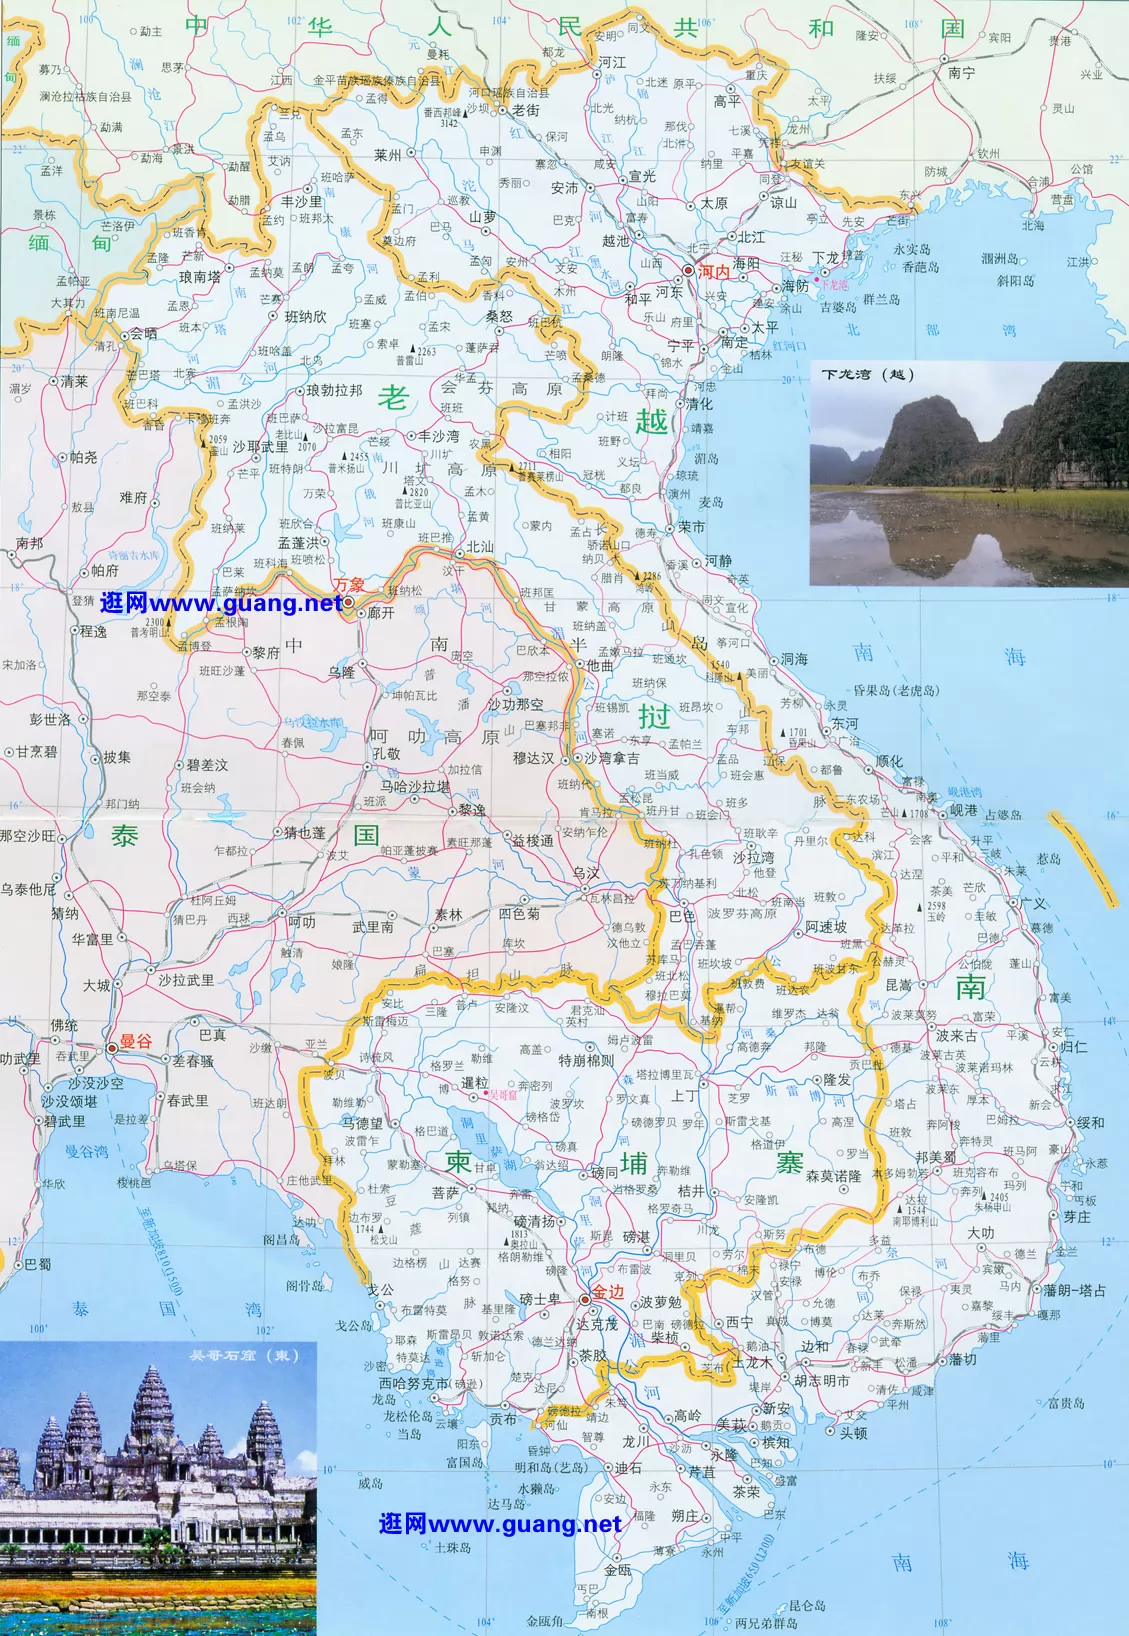 越南政区地图 - 越南地图 - 地理教师网
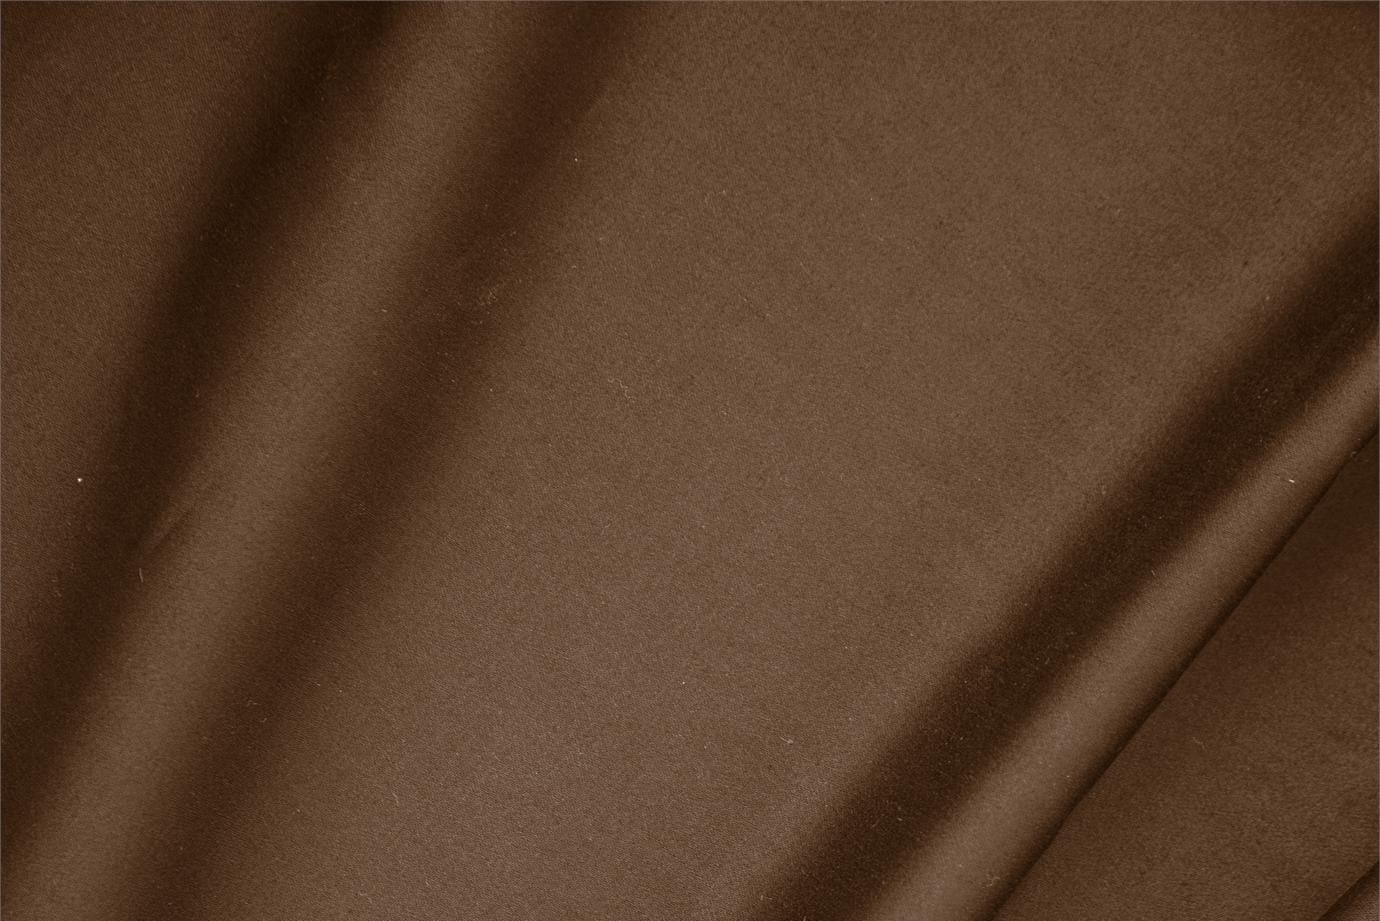 Tessuto Raso di Cotone Stretch Marrone Cacao in Cotone, Stretch per abbigliamento
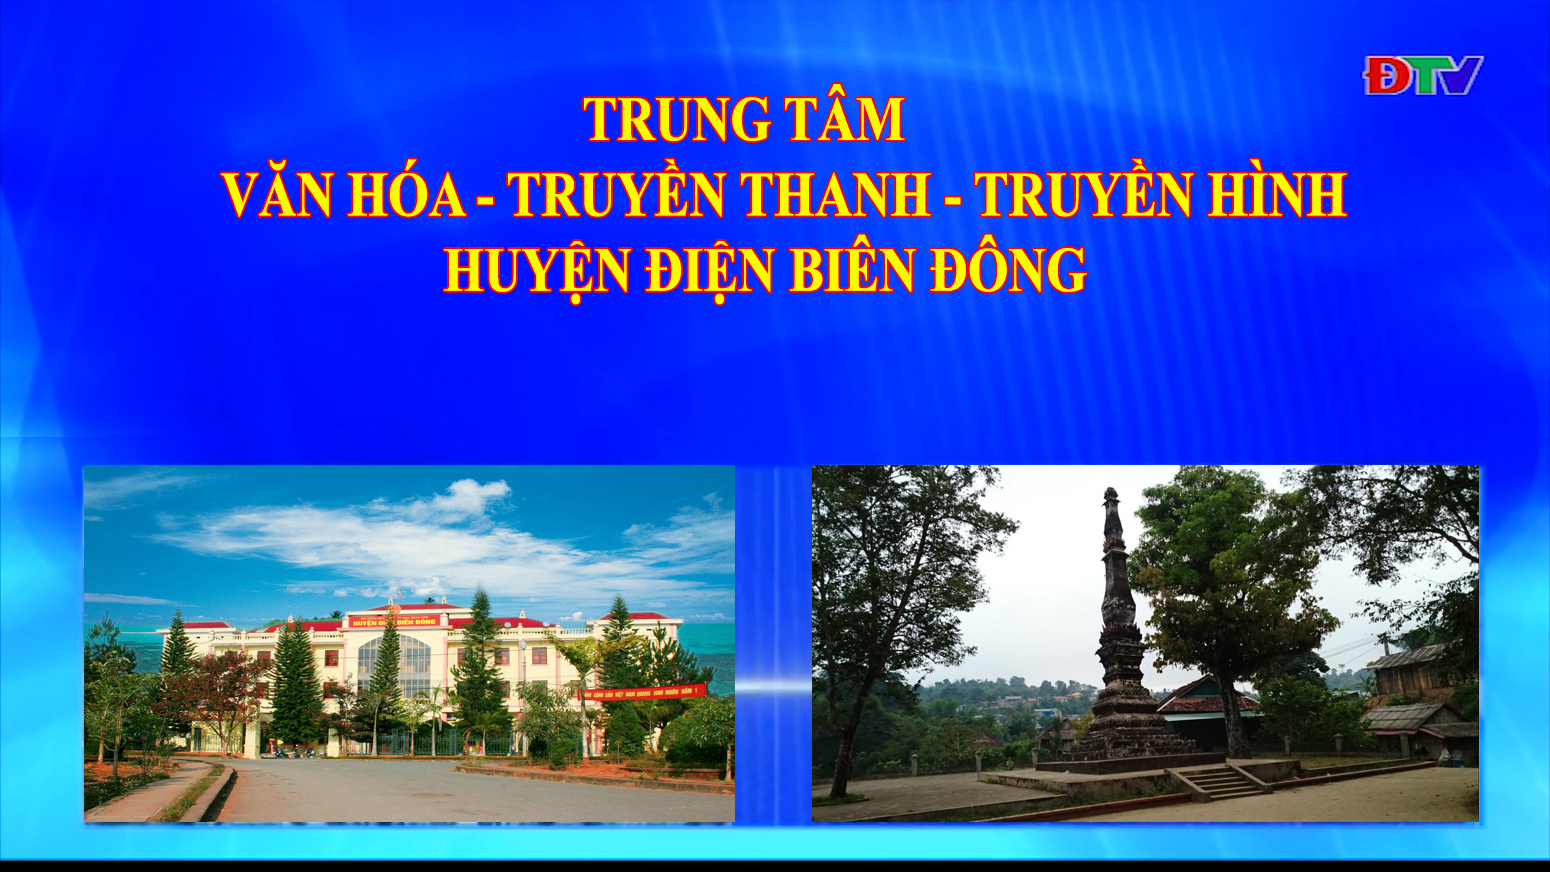 Trung tâm VH-TTTH huyện Điện Biên Đông (Ngày 14-11-2020)

What you have to do —
Once the line containing "Tessuto Raso di" has been found, write out exactly that line and each one after it through the end of the data, leaving out every picture.

Written solution —
 Tessuto Raso di Cotone Stretch Marrone Cacao in Cotone, Stretch per abbigliamento
 Trung tâm VH-TTTH huyện Điện Biên Đông (Ngày 14-11-2020)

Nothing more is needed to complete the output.